Do you think hunting a deer is difficult? Have you been hunting deers for a while now and not been able to catch even one?
Are you frustrated with waiting for a deer to appear within the zone you have set for them? Or are you one who has the herd right where you want them, but they escape of a careless move or noise?
Well, if your answer is yes to all these questions, you must be wondering how to see more deer while hunting. I have just the thing you will need to solve your problem.
Just like you, when I started hunting deers I felt the task was impossible one, but with the right knowledge and exposure I got to know better, and by applying myself to what I am about to show you, they have worked for me and still do in all my years of hunting.
I suffered in ignorance for a few years before making successful deer hunts, and I believe no one should have to go through that as well. In all my years of hunting deers, I have come to learn over again that as challenging as it may seem, it could be one of the easiest things in the world if you know how to. The good news is there are useful tips on how to find deer in the woods without getting caught up and frustrated.
Before we jump right in, there are 2 things I would need you to do in the course of this tutorial:
- Pay attention to the explanations for each tip.
- Practice, practice, and practice all these tips.
Once all these are in check, then we can move on. So without further ado, here are the four main tips for practicing when hunting deers:
Tip 1: Understand What Makes Each Deer Different
A buck that lives in a continuous tract of woods never has to leave his core area; it can find pretty much everything it needs right underneath that closed forest canopy. Now that doesn’t mean he doesn’t leave, but he doesn’t have to. So trying to find an ambush point outside of that area is extremely difficult and relies mostly on luck.
And this is where a lot of private land hunters would try to do a deer drive and get those bucks and any other deer in the area up on their feet and push towards a waiting hunter. But in these big tracts of woods, there’s always pockets of dense cover that these deer can go to. So they’ll either run to those or just hide down in them to wait for you to walk by.
They are also more likely to move to completely different areas if they feel too much pressure, and quality food may be scarce, so they’ll probably jump around a lot as different food sources become available throughout the year.
Tip 2: Find the Funnels
One of the biggest problems with hunting in big wooded areas, especially for a new hunter, is knowing where to hunt. You might walk into a wooded area and just see just a sea of dead leaves, and all the trees look the same, and there are no discernible features for you to pick a good spot.

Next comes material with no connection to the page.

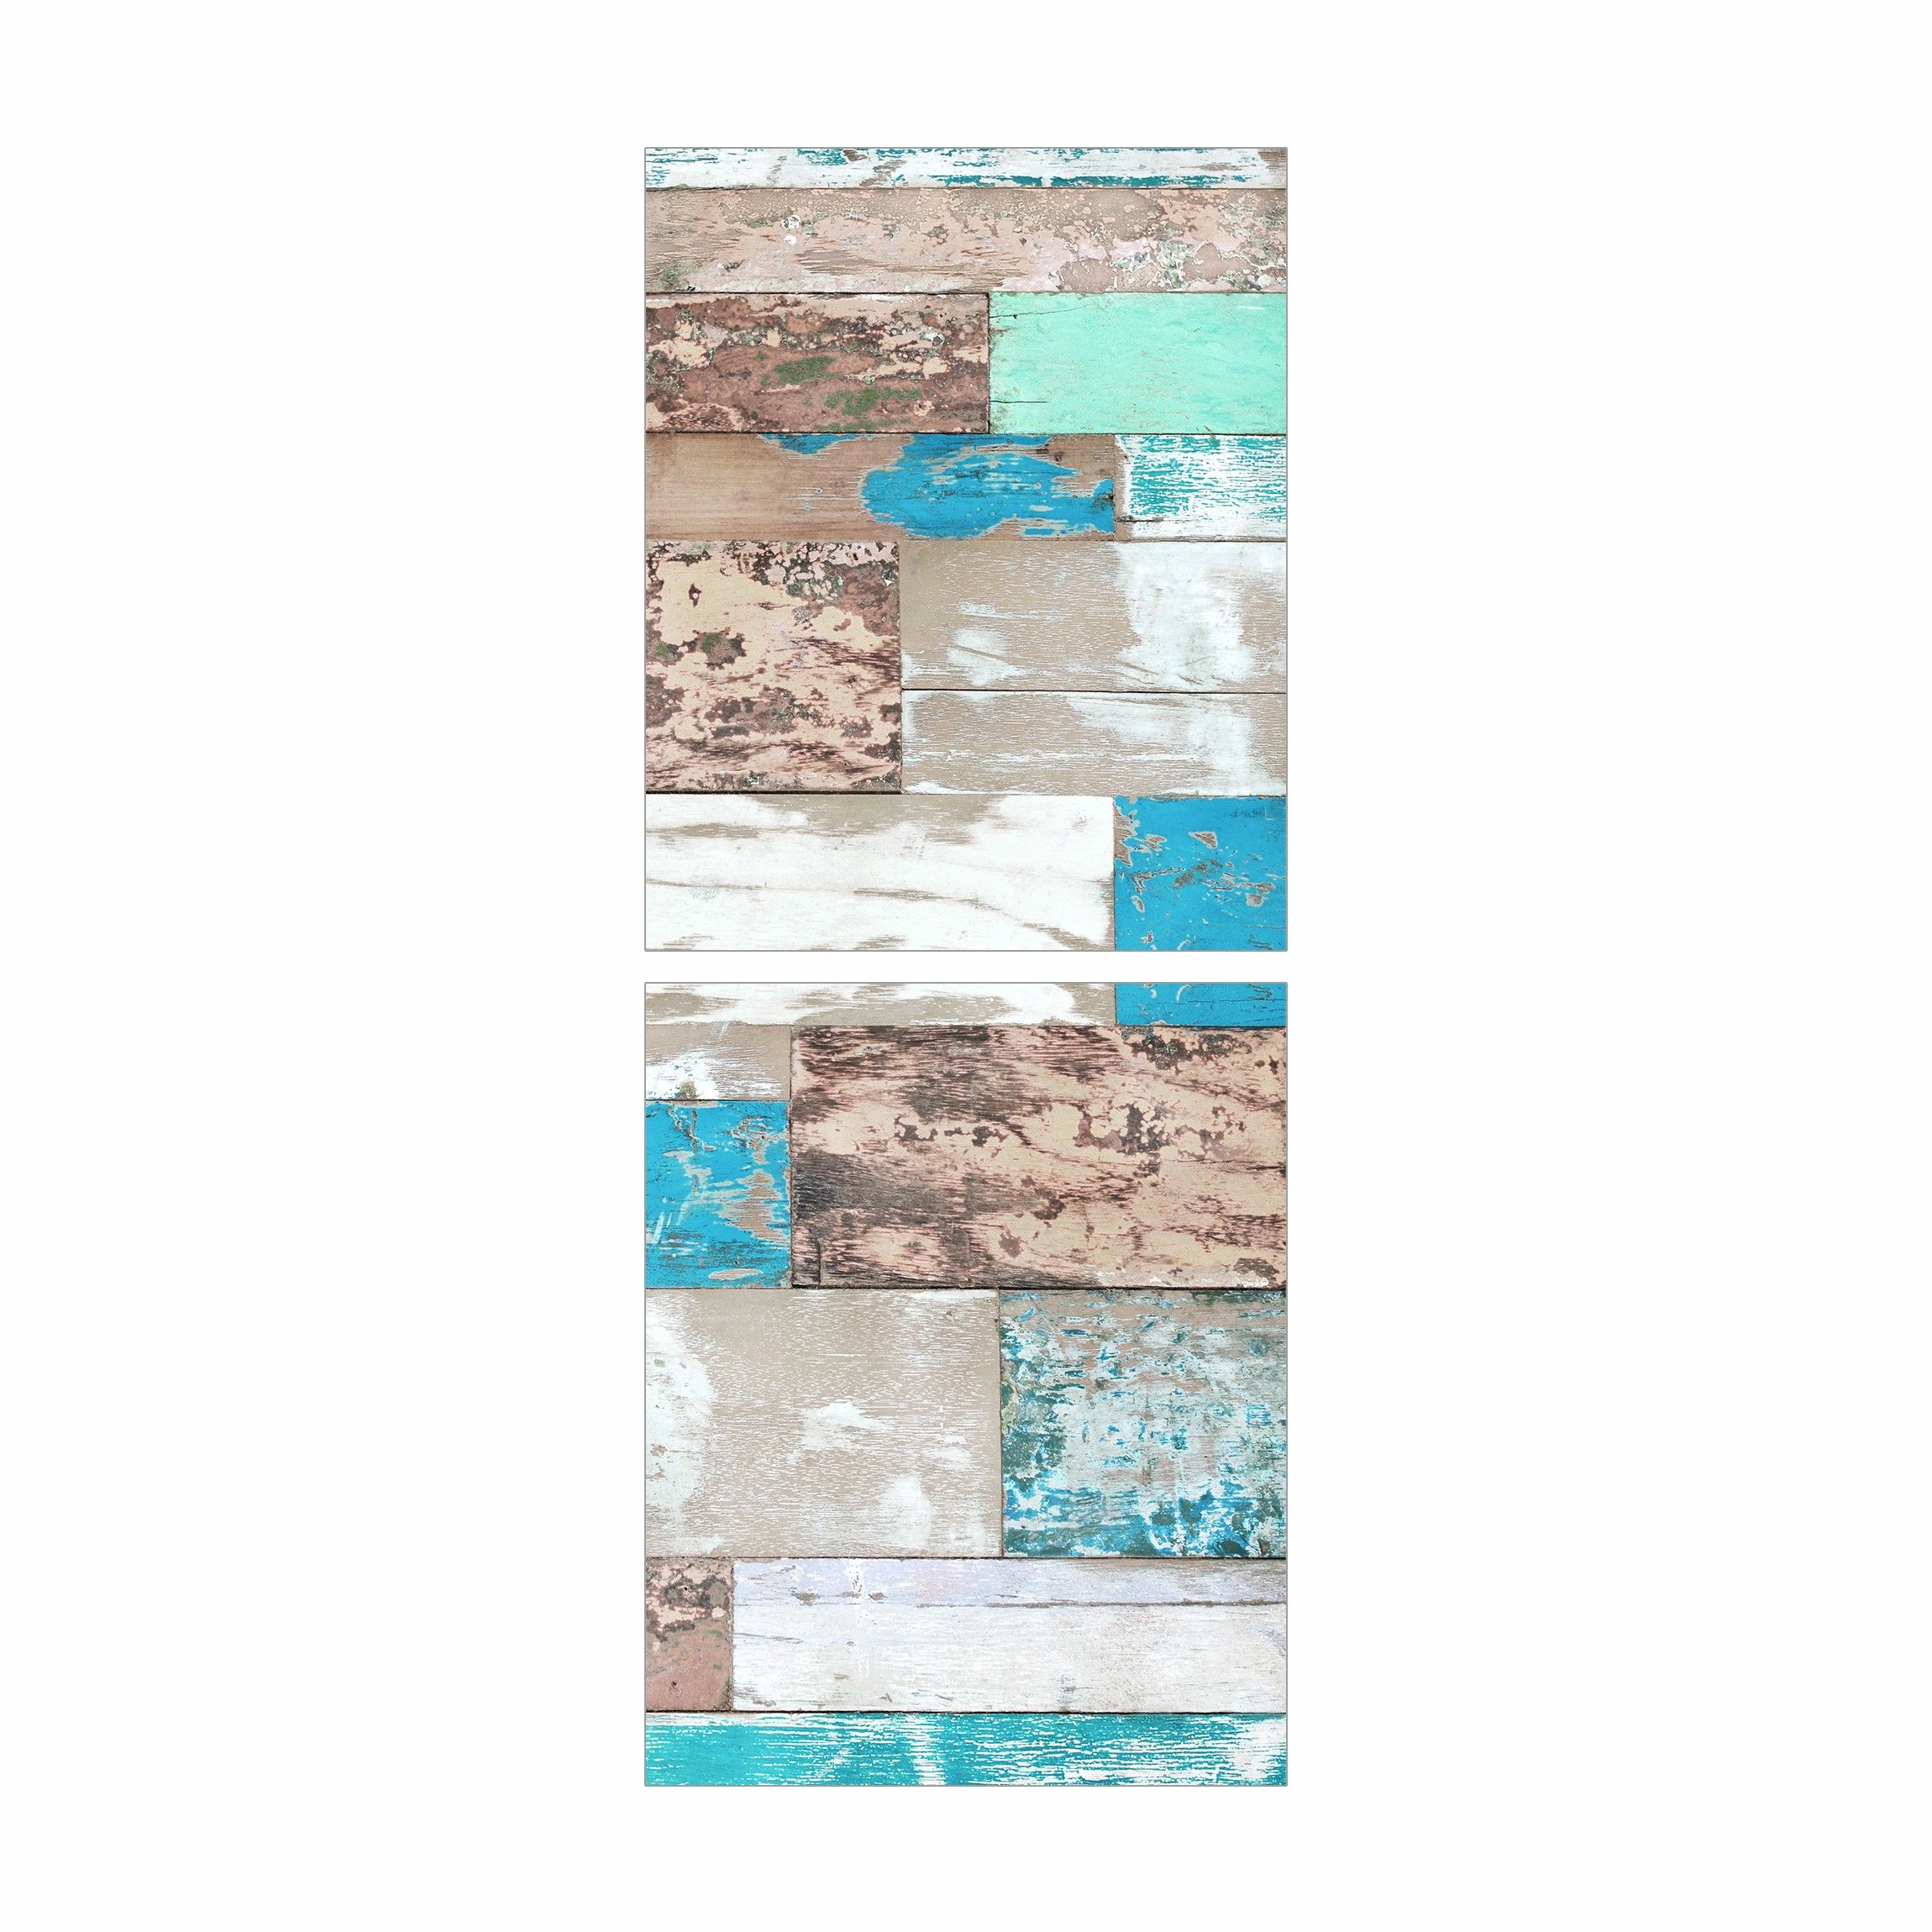 Ikea Klebefolie möbelfolie für ikea billy regal klebefolie maritime planks

But if you know what you’re looking for, you can find tons of great signs. Deer are just like people; they’re lazy. They want to find the path of least resistance, so there’s always a spot that’s more convenient for them to walk through.
And that’s why finding the funnels is so important. It concentrates or narrows deer movement into a point that you can more likely predict, and knowing where these funnels are is vital to your success. And the best, quickest, most efficient way to find these funnels is using an aerial map.

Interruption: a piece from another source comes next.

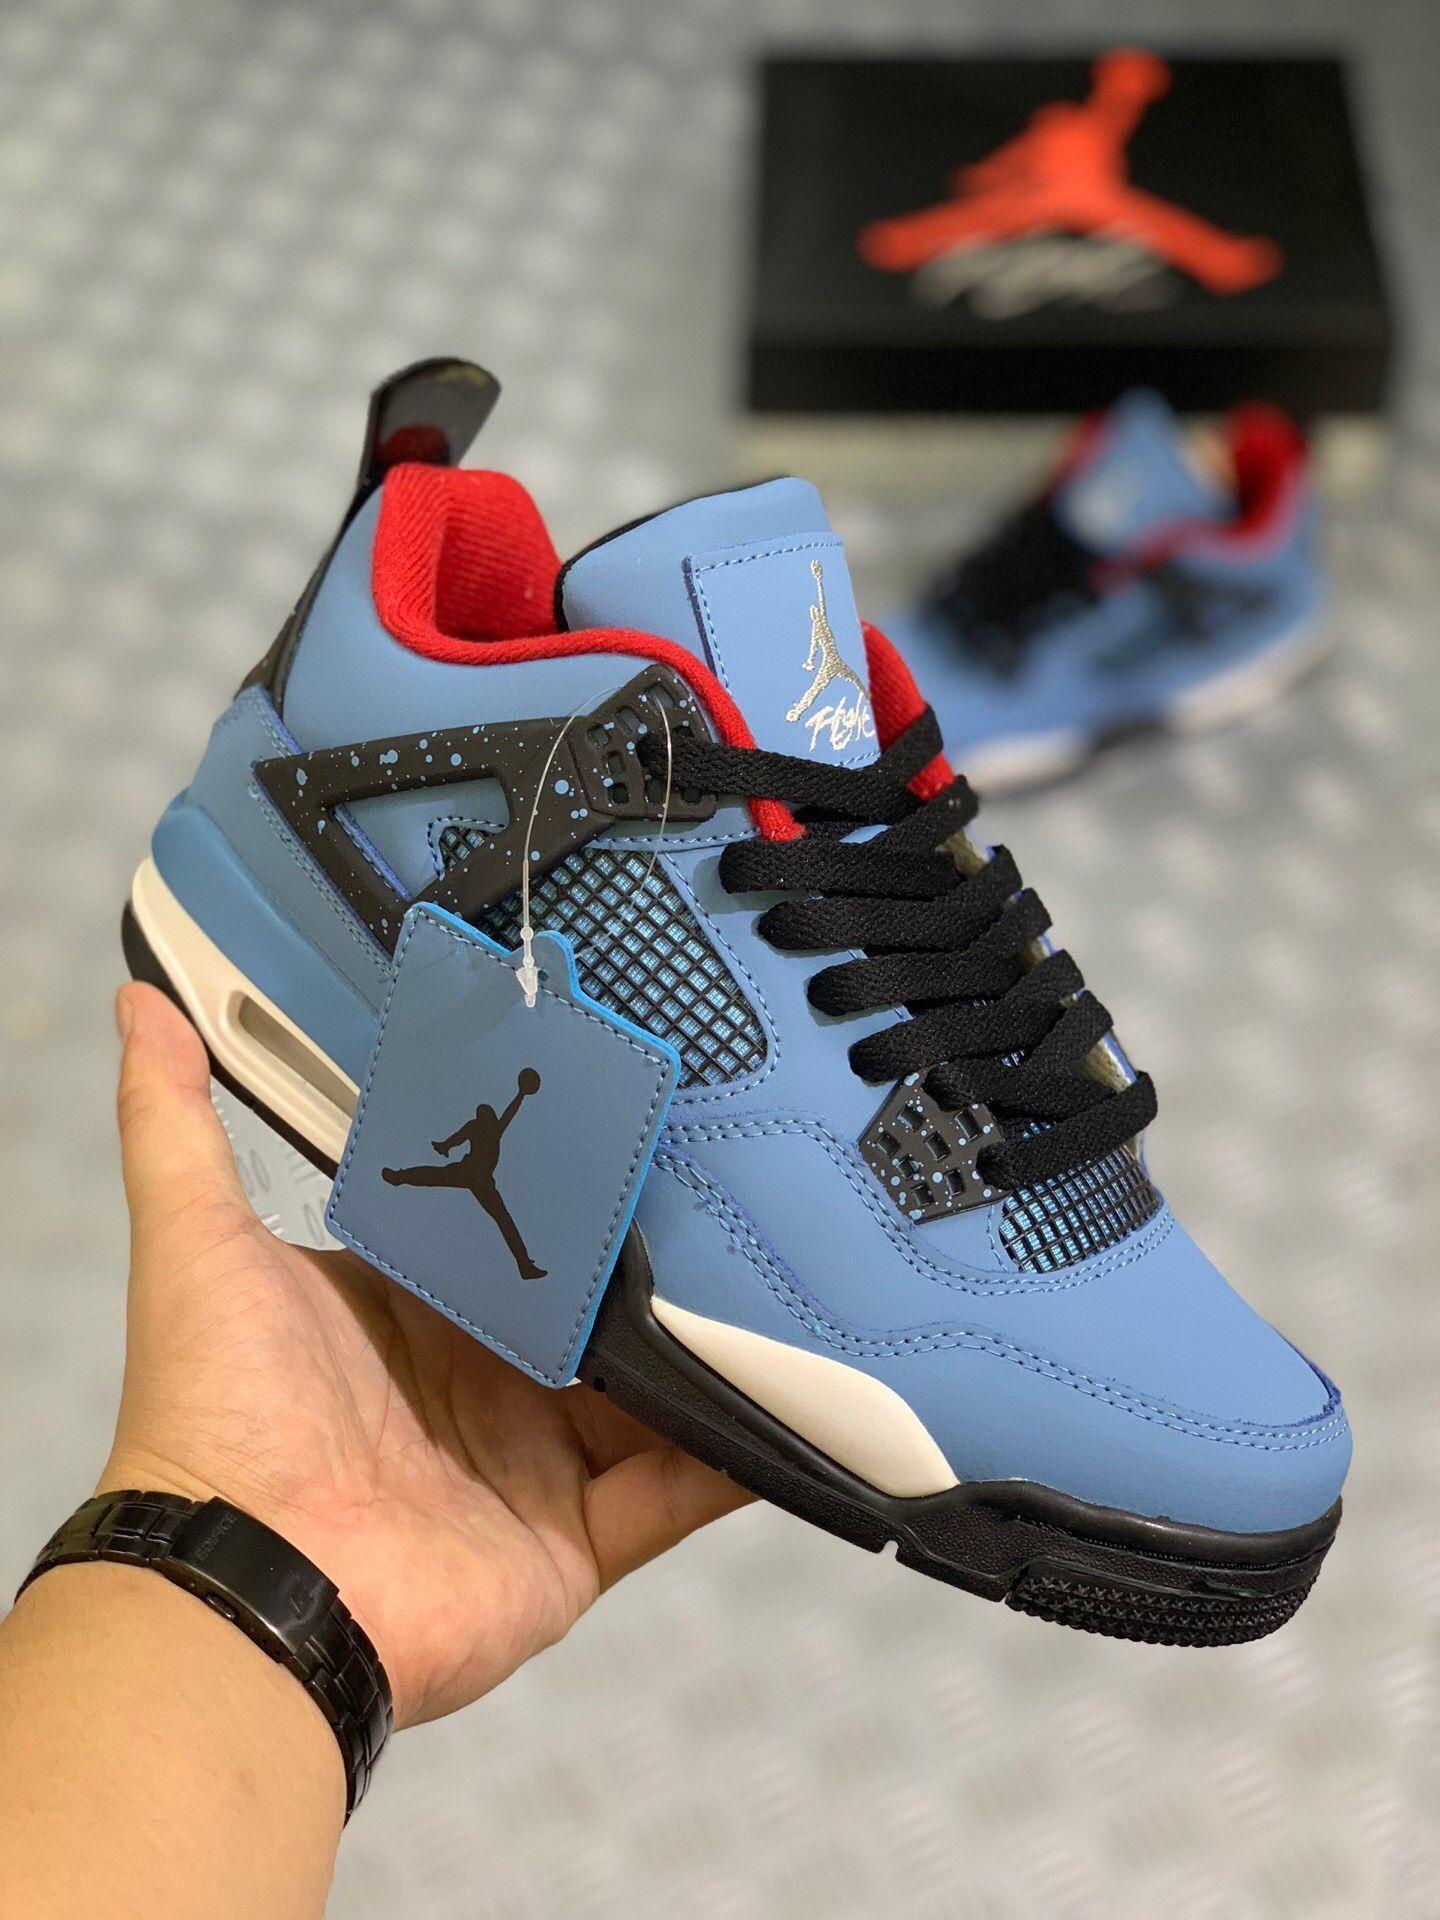 Travis Scott x Nike Air Jordan 4 Ice

Tip 3: Find Their Source of Food
In heavy woodland areas, quality food is scarce, and variables for food sources change throughout the years. So you have to know not only where that food is, but when deer will be drawn to it.
Deer eat woody browse, forbs, grasses nuts and fruit, and even mushrooms. Now all these food sources change throughout the year, but there is one food source that you can pretty reliably predict when and where it will be. And that is acorns.
Very few oak trees produce acorns every year. So what you want to do is grab some binoculars and glass the tops of oak trees until you find one that’s producing some.
Once you find one that’s loaded with acorns, look around the area for more deer signs because deer are picky, and they even have favorite trees that they like their acorns from. If you find one that’s loaded with acorns, but there’s absolutely no deer sign around, keep looking until you find one.
Tip 4: Get Your Boots on the Ground
There’s only so much information you can gather from an aerial map. You want to use your aerial map to find out what habitat features are in the area, but you still want to go out and look at them yourself.
If you rely just on that aerial map, you could find some features on it that you think that deer are going to funnel through that will be hot spots, and you get there, and it’s just a ghost town.
There’s also a lot of information you can’t tell from an aerial map; you won’t be able to tell if oak trees are producing acorns, if a small clearing has some native grasses and forbs growing in it, you won’t be able to see any scrapes or rubs or any other deer sign you can think of.
Get those boots on the ground, get out there, and look around, and then mark each spot that you find. Every little deer sign you find you mark it on the map. Then you can use that information all together to find out where the best spot to set up would be.
I hope you enjoyed the tutorial because I did. I had much fun sharing with you the 4 pro tips on how to see more deer while hunting. I have practically applied these tips in all my years of hunting. Don’t be ignorant as I was before. You deserve to know, that’s why I have taken my time to share this with you.
Remember, hunting deers will still be tasking as it always is, but if you can apply these tips to the letter, your chances of successful hunts would be higher and in no time would start seeing results.